Anglican archbishop announces gay stance

— LONDON - Bishop Justin Welby, the new archbishop of Canterbury and spiritual head of the world’s estimated 77 million Anglicans, pledged Friday to seek reconciliation in some of the most contentious issues of gender and sexuality that have split the Anglican Communion.

Soon after Prime Minister David Cameron announced his appointment, Welby, a former oil-company executive, made it clear that he endorsed earlier church statements criticizing government plans to legalize same-sex marriage.

“But I also need to listen very attentively to the LGBT communities and examine my own thinking carefully and prayerfully,” he added, using initials that refer to the lesbian, gay, bisexual and transgender categories.

“I am always averse to the language of exclusion,” he said, apparently seeking a middle ground in the debates, which have split Anglicans from Africa to America. “Above all, in the church we need to create safe spaces for these issues to be discussed in honesty and in love.” He said at a news conference, “We must have no truck with any form of homophobia in any part of the church.”

Drawing on a career that has taken him from the executive suites of French and British oil companies to hardscrabble parish churches in the British Midlands and scenes of sectarian strife in Africa and the Middle East, Welby said he would bring a “passion for reconciliation” to his new position.

He replaces the Most Rev. Rowan Williams, who announced in March that he would step down at the end of the year. Within the Church of England, Welby faces dwindling congregations and the same divisions between conservatives and liberals as Anglicans elsewhere.

“It’s exciting, because I believe that we are at one of those rare points, where the tide of events is turning, and the church nationally, including the Church of England, has great opportunities to match its very great, but often hiddenstrengths,” Welby said.

“I feel a massive sense of privilege at being one of those responsible for the leadership of the church, in a time of spiritual hunger, when our network of parishes and churches and schools and above all people means that we are facing the toughest issues in the toughest places,” he said.

Welby, 56, emerged as the favorite to become the 105th archbishop of Canterbury only after tortuous negotiations within the Church of England that had led to frequent reports of deadlock and disagreement among members of the church commission that chose him.
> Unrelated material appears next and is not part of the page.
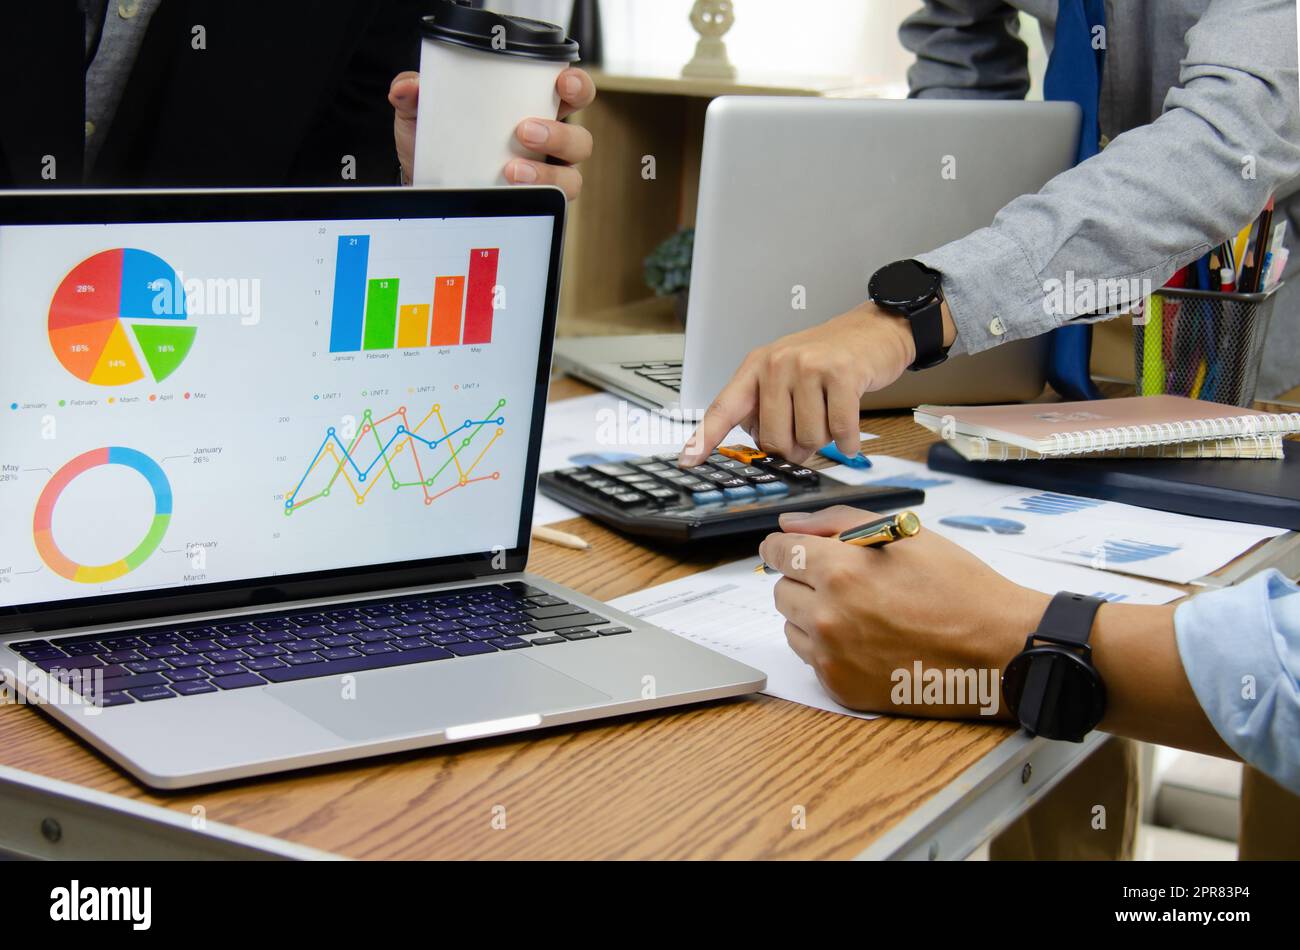 Business people meeting at the office by analyzing data from financial graphs and investment charts to plan a marketing team. Stock Photo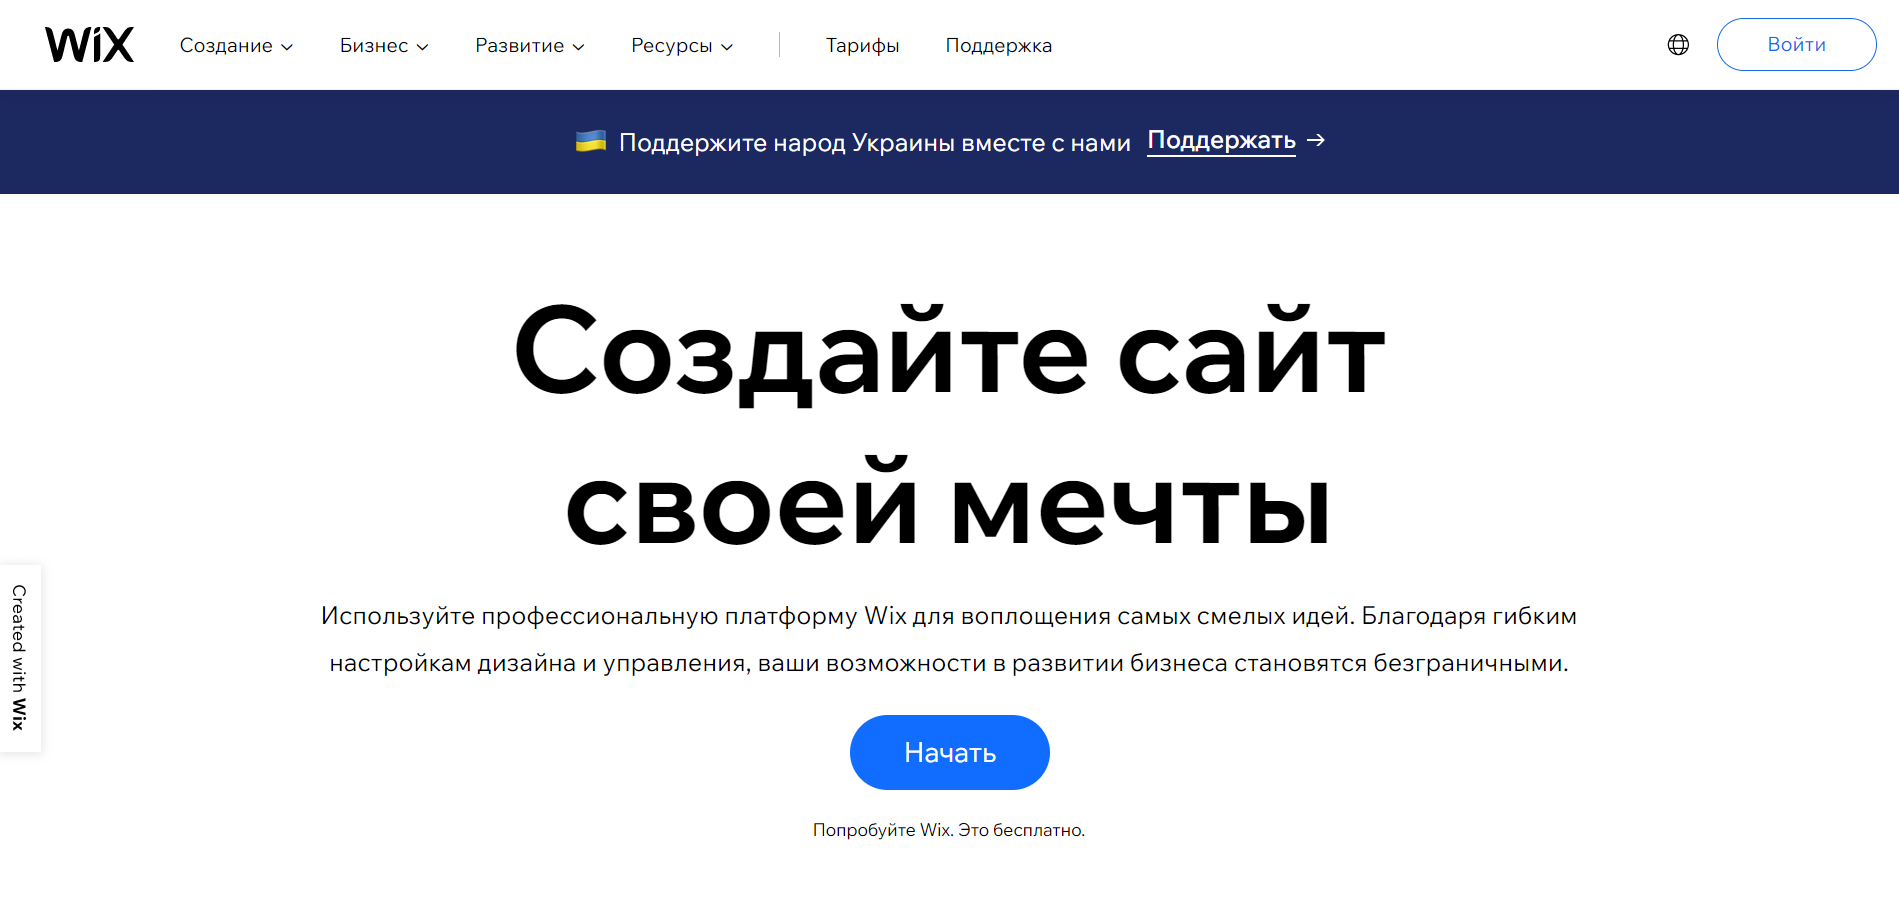 How to open a Wix site in Russia

His appointment was likely to be closely watched in the Vatican, where the Roman Catholic hierarchy has sought to lure away Anglican priests who have become disaffected with what they see as a liberalizing trend in the Church of England.

Like Cameron and other members of the British elite, including the royal family, Welby was educated at Eton College. He went on to study law and history at Cambridge University before working for 11 years in the treasury departments of the French Elf Aquitaine oil company and later of a British exploration company, Enterprise Oil.

After his youngest daughter, Johanna, was killed in a car crash in 1983, he said, “It was a very dark time for my wife, Caroline, and myself, but in a strange way it actually brought us closer to God.” They have five other children.

His rise through the church ranks has been widely described as meteoric. He began his training as a priest in 1987 and was made a deacon in 1992. Welby was made bishop of Durham - the fourth-ranking bishopric in the hierarchy - only a year ago.

In an interview published in September in Money Marketing, a British financial newspaper, Welby said he had abandoned the oil industry in favor of the church because “I was unable to get away from a sense of God calling.”

He has a reputation as being self-deprecating. On Friday, he called his appointment “something I never expected.”